On Monday, President Biden said, “Families — families who are just trying to put food on the table, keep a roof over their head — they aren’t the problem. We need to stay focused on the real problems in front of us: beating this pandemic and creating jobs.”
But the BLS numbers show we’re already doing pretty darn well at creating jobs, or at least creating job openings. An economy in which there are a record number of job openings is not one that is sluggish, or struggling, or that desperately needs another round of stimulus spending. What it needs are the currently nonworking job applicants to walk through the door. Right now, in Massachusetts, the maximum weekly unemployment-benefit amount is $855 per week. In a 40-hour work week, that comes out to $21.37 per hour.
Meanwhile, Prices Keep Going Up . . .
The updated unfilled-jobs numbers released Tuesday morning were bad. The updated immigration numbers released Tuesday evening were bad. Guess how the updated inflation numbers released Wednesday morning look?
How about “an absolute disaster”?
The Consumer Price Index for All Urban Consumers (CPI-U) increased 0.8 percent in April on a seasonally adjusted basis after rising 0.6 percent in March, the U.S. Bureau of Labor Statistics reported today. Over the last 12 months, the all items index increased 4.2 percent before seasonal adjustment. This is the largest 12-month increase since a 4.9-percent increase for the period ending September 2008.

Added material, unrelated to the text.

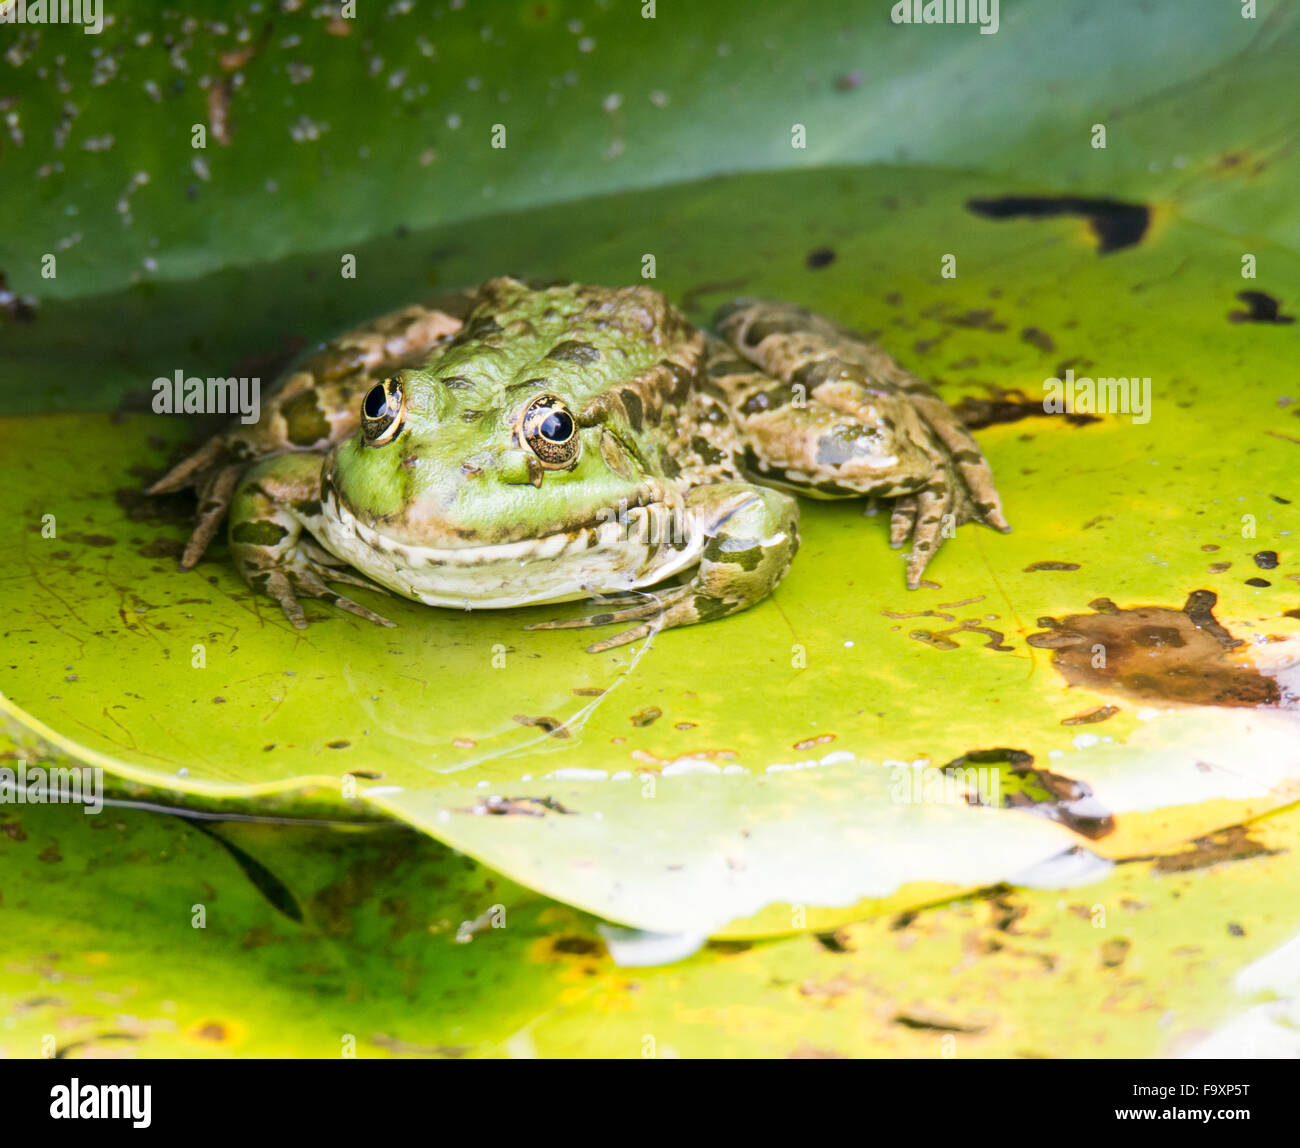 La grenouille verte assise sur une feuille de nénuphar Banque D'Images
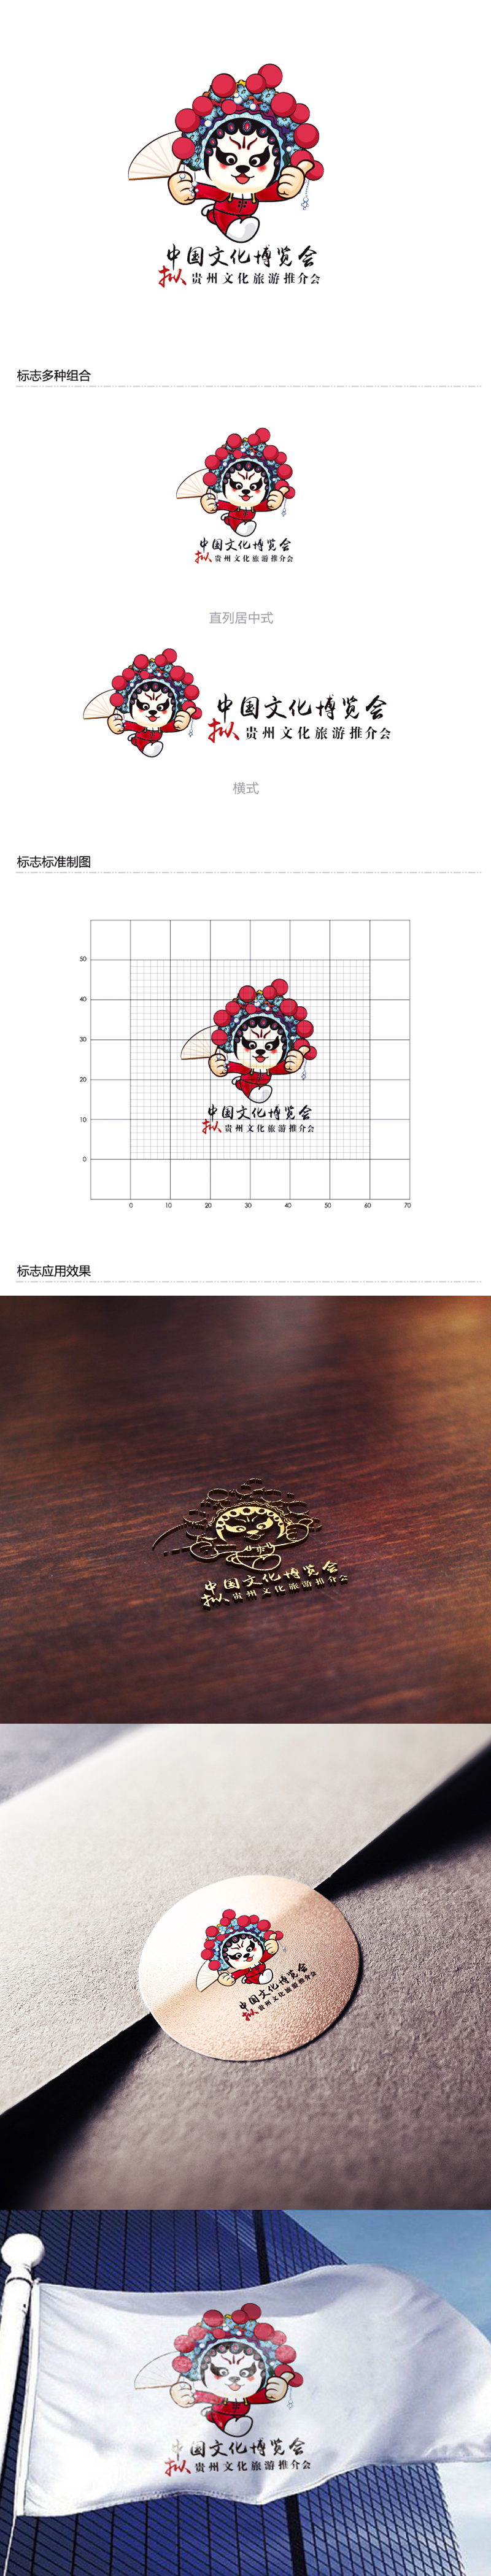 黄安悦的中国文化博览会拟贵州文化旅游推介会logo设计

The index for used cars and trucks rose 10.0 percent in April. This was the largest 1-month increase since the series began in 1953, and it accounted for over a third of the seasonally adjusted all items increase. The food index increased in April, rising 0.4 percent as the indexes for food at home and food away from home both increased. The energy index decreased slightly, as a decline in the index for gasoline in April more than offset increases in the indexes for electricity and natural gas.
The index for all items less food and energy rose 0.9 percent in April, its largest monthly increase since April 1982. Nearly all major component indexes increased in April. Along with the index for used cars and trucks, the indexes for shelter, airline fares, recreation, motor vehicle insurance, and household furnishings and operations were among the indexes with a large impact on the overall increase.
The all-items index rose 4.2 percent for the 12 months ending April, a larger increase than the 2.6- percent increase for the period ending March.
In other news: Jennifer Granholm, during a press conference yesterday about the hack of the Colonial Pipeline, said, “We have doubled down on ensuring that there’s an ability to truck oil in — gas in. But it’s — the pipe is the best way to go. And so that’s why, hopefully, this company, Colonial, will, in fact, be able to restore operations by the end of the week as they have said.”
Oh, pipe is the best way to go, huh? Safer, more secure, more efficient, less risk of accidents? Then maybe this administration shouldn’t be canceling pipeline projects!